16 Year old looking to get in shape for competitive MMA.

I'm 16 and a half, about 5'9, 200 lbs, I've always been very strong and fast for my weight, and I am naturally athletic. This coming winter i am starting to compete competitively in mixed martial arts. I am trying to drop a decent amount of weight so i can make it into a lower weight class, while at the same time building muscle. keep in mind that even though I am strong and athletic, I definitely have fat I could do away with; I'm not even close to being skinny. I've tried going for about an hour of cardio at least ever day, then switching off upper and lower body weight lifts every other day. after a few weeks of doing this and not counting calories, but eating until I felt barely full, I haven't lost a single pound, nor do i look to be in any better shape than i was to begin with, meaning I don't look like I built muscle to account for the lack of weight loss. Could anyone gives me specific diets/exercise routines they know of or have worked for them? I have a decent weight set available for use.
 
Check out Rosstraining.







Good luck. :)
 
Find a good MMA gym. you need team members with experience and knowledge, not an internet forum. Your brothers at YOUR club will be accountable for your success and you’er accountable for theirs. ALL the tools are there.
 
I have a gym i train at skill wise, but it does not have the facilities for real conditioning. I'll definitely check out those links.
 
Joel Jamieson has the best information out I've seen specific to MMA.
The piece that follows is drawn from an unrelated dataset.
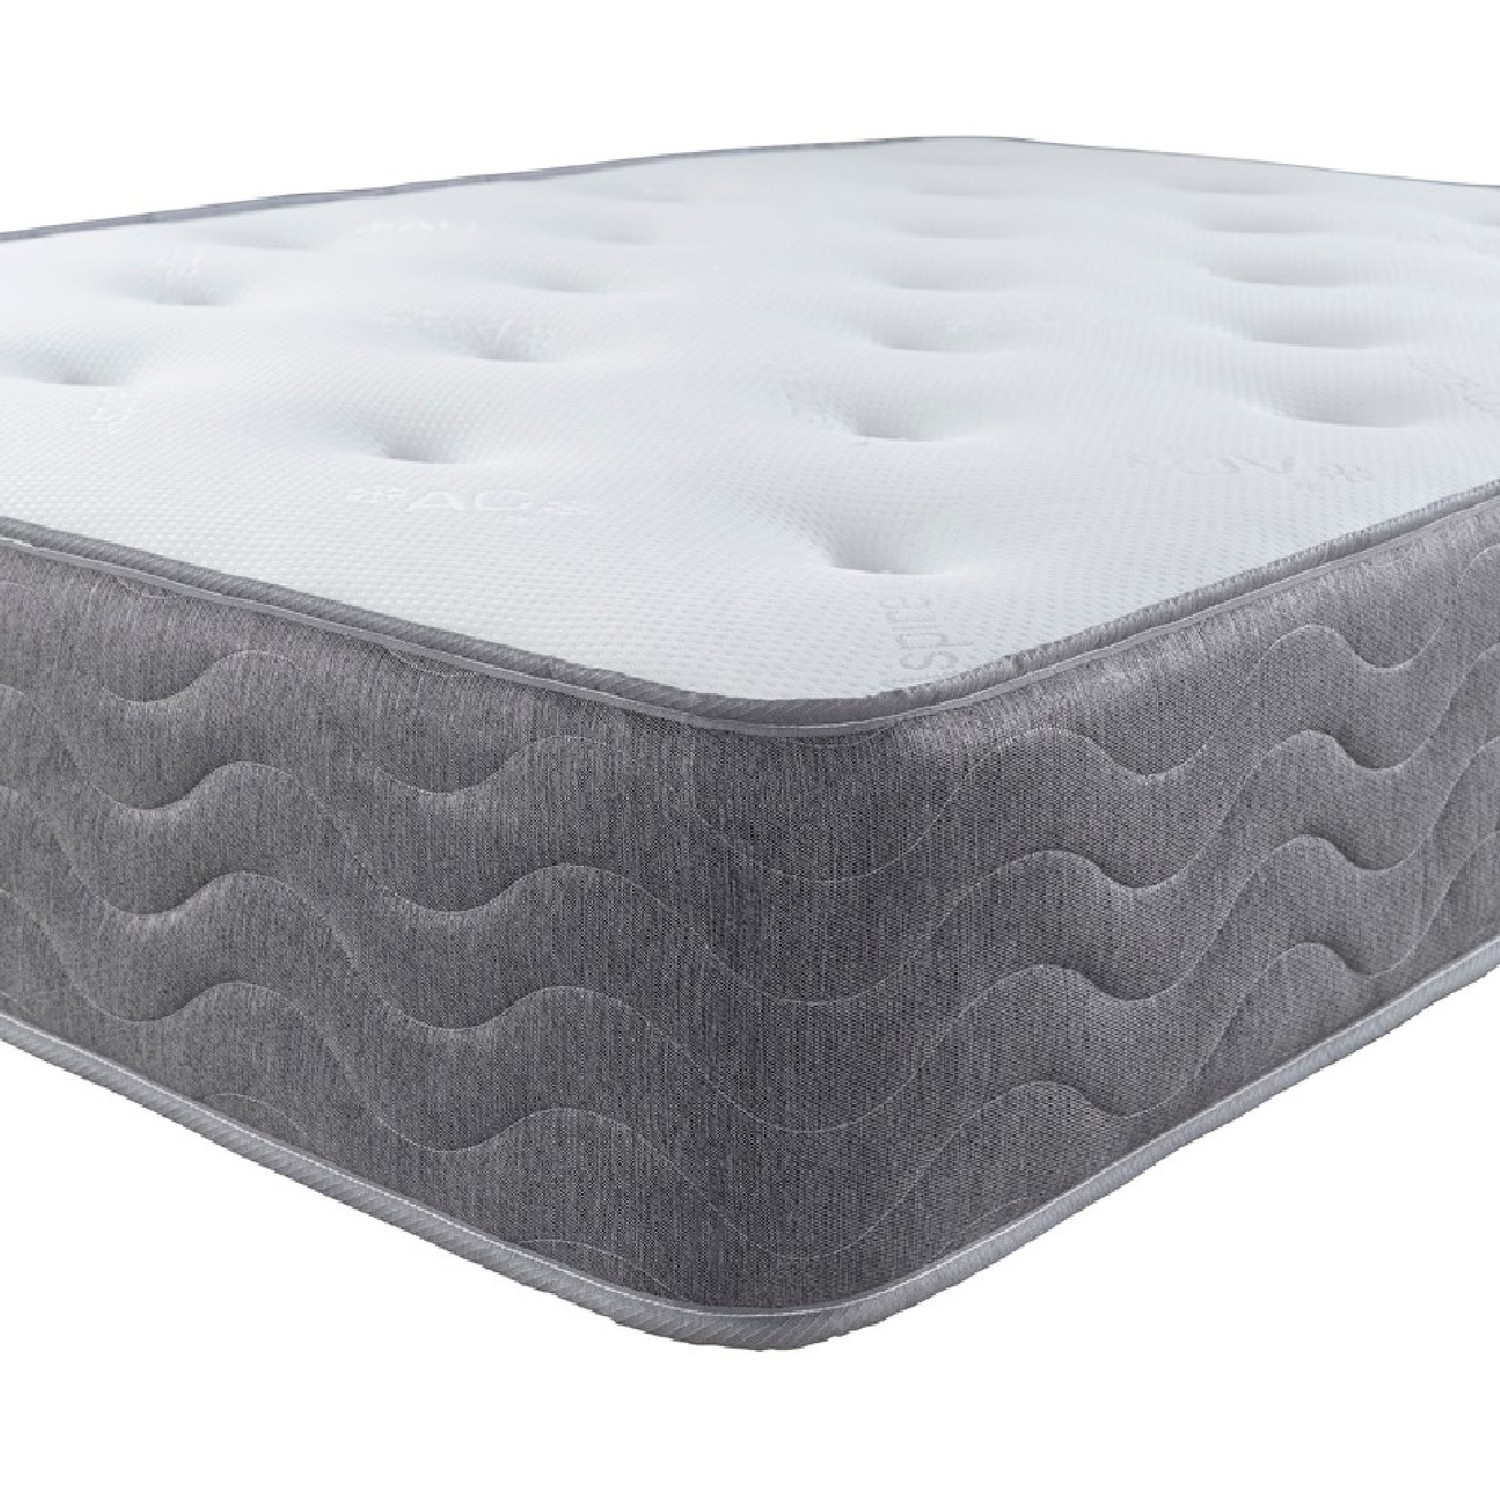 Aspire furniture air conditioned natural 1000 pocket spring mattress - small double

You can read his stuff including articles, blog, forum, etc over at .

Given your age, his book might be a bit beyond you but for anyone interested... it has some of the best information regarding energy system development and conditioning I've seen.
 
That's not great advice. You don't know where his weaknesses and strengths lie. Circuits and HIIT isn't the be all end all that you can apply to just anyone regardless of current conditioning level and expect optimal results.

Not in the least.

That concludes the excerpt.